Keck's Solar Park today

When I visited Chicago for some book events last month, I scheduled an extra day to re-visit Solar Park, a neighborhood in Glenview which Fred Keck designed for developer Howard Sloan in 1939-42.  (Fred Keck was "the first Solar architect," in the modern sense, as I discuss in great detail in the book.)  My friend Jim Laukes was my traveling companion and many thanks to him for a memorable adventure.  We also visited a solar neighborhood by Keck in Glencoe.  More on that soon.

First, the good news.  The first Sloan house (1940), for which Sloan coined the label "Solar House," is in beautiful and original condition.  I did not photograph the characteristic south wall because it faces a private backyard, but it remains just like the Hedrich-Blessing photo included in the book (p.15), with the uplifted roofs of the clerestory and the screen porch wonderfully intact.  The north side, pictured here, faces the street.  You can just detect a portion of the uplifted roof to the left of the chimney.

Fred Keck, Sloan house  (1940). Photo © Anthony Denzer, 2013.
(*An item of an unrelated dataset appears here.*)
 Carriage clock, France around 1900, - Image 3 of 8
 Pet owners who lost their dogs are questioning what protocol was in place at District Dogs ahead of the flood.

Fred Keck, Sloan house  (1940). Photo © Anthony Denzer, 2013.

The bad news?  Sloan II is gone, destroyed a few years ago.  Many others are lost as well.  In fact, there is only one other original Keck in this immediate neighborhood.  Sloan named one of the short streets in his subdivision "Solar Lane," and the name remains, but today there are no solar houses remaining on Solar Lane:

Photo © Anthony Denzer, 2013.

Photo © Anthony Denzer, 2013.

The 'McMansion' phenomena has certainly taken its toll on solar house history---see the George Löf house---and of course there have been many such tragedies in the wider world of historically-significant Midcentury Modern houses.

About a mile away, we found Paul Schweikher's Redwood Village Cooperative (aka North Shore Cooperative) semi-intact.  Four of the original seven houses are clearly recognizable, if somewhat altered.  This one corresponds to the Hedrich-Blessing image at the bottom of p.17 of the book:

Paul Schweikher, Redwood Village Cooperative  (1942). Photo © Anthony Denzer, 2013.

Paul Schweikher, Redwood Village Cooperative  (1942). Photo © Anthony Denzer, 2013.

The redwood siding has been painted.  A room has been added at the right.  But more significantly, the character-defining ventilating louvers have been removed from their location below the four tall windows.  I imagine they disappeared at the same time a new feature (seen at the center) arrived---the air conditioner.